La famosa analisi costi-benefici sul quale il governo si era cullato fino ad ora è arrivata sul tavolo del ministro delle Infrastrutture Danilo Toninelli e dalle indiscrezioni pare venga confermata la valutazione negativa dell’opera. Una bocciatura, dunque, contenuta nella relazione consegnata dalla commissione, guidata dal professor Marco Ponti, al Governo, definita però ancora una bozza preliminare. E così può prendere ancora tempo il vicepremier Luigi Di Maio: «Aspettiamo il dato ufficiale e poi commenteremo, non si fanno dichiarazioni con i se».

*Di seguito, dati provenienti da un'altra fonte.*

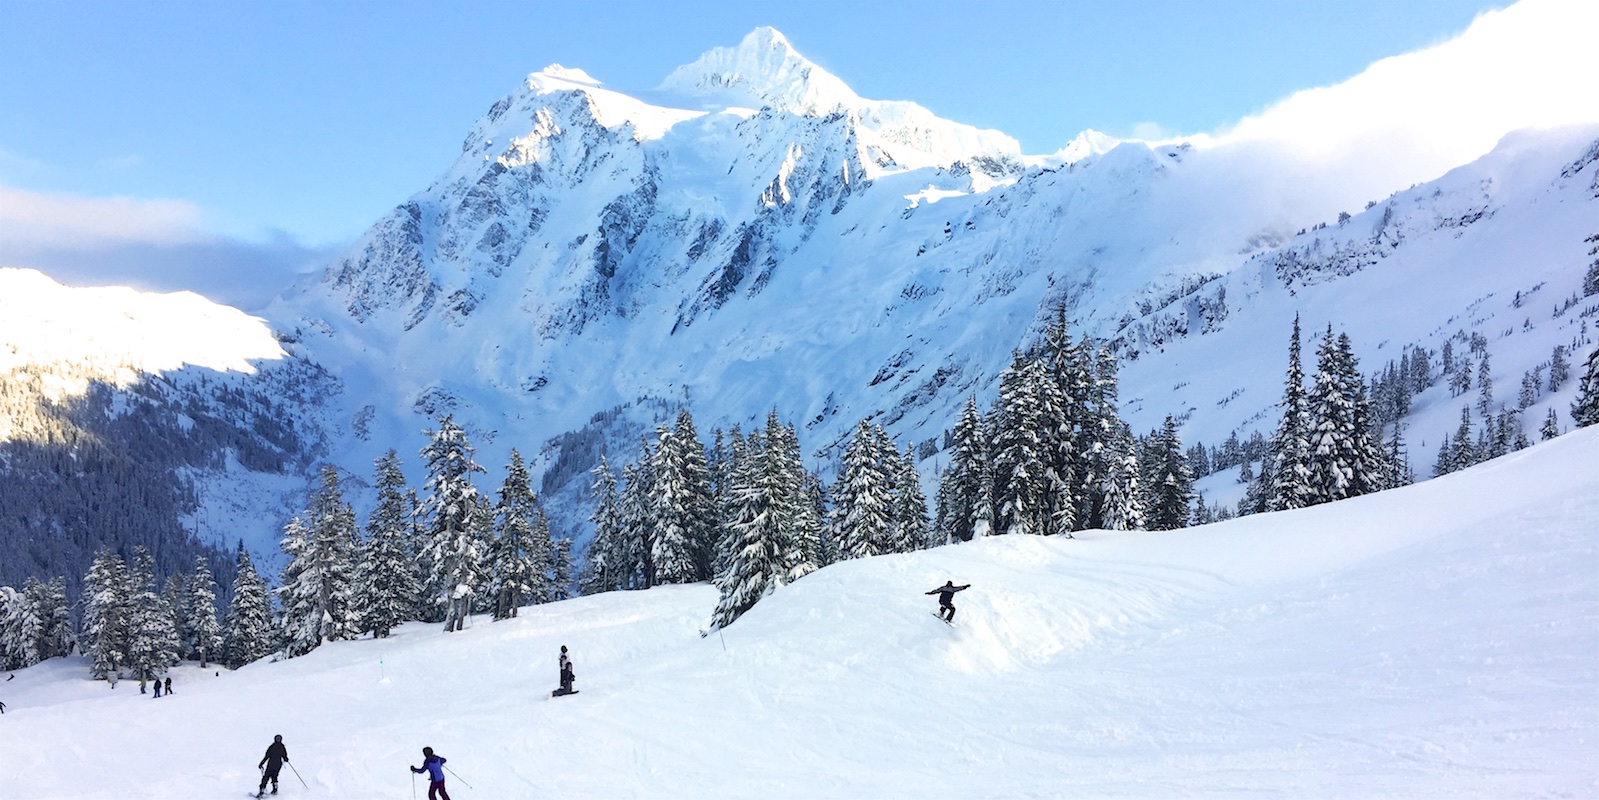 Rental accommodation for your Mt Baker ski trip

Ma dal momento che né il Movimento 5 Stelle né la Lega possono permettersi di fare marcia indietro dalle rispettive e opposte posizioni, per superare l’empasse la Lega ha già deciso che la parola passerà ai cittadini sposando la proposta del governatore Chiamparino di indire un referendum consultivo.

«Se non c’è una sintesi all’interno del governo decidono gli italiani come è giusto che sia. Nel contratto di governo ci sono i referendum propositivi come in Svizzera, giustamente. Quindi se sulla Tav non c’è un accordo politico; la parola passa agli italiani», ribadisce Salvini, sperando salvare capra e cavoli, caldeggiando il sì ma evitando lo scontro diretto con l’alleato di governo.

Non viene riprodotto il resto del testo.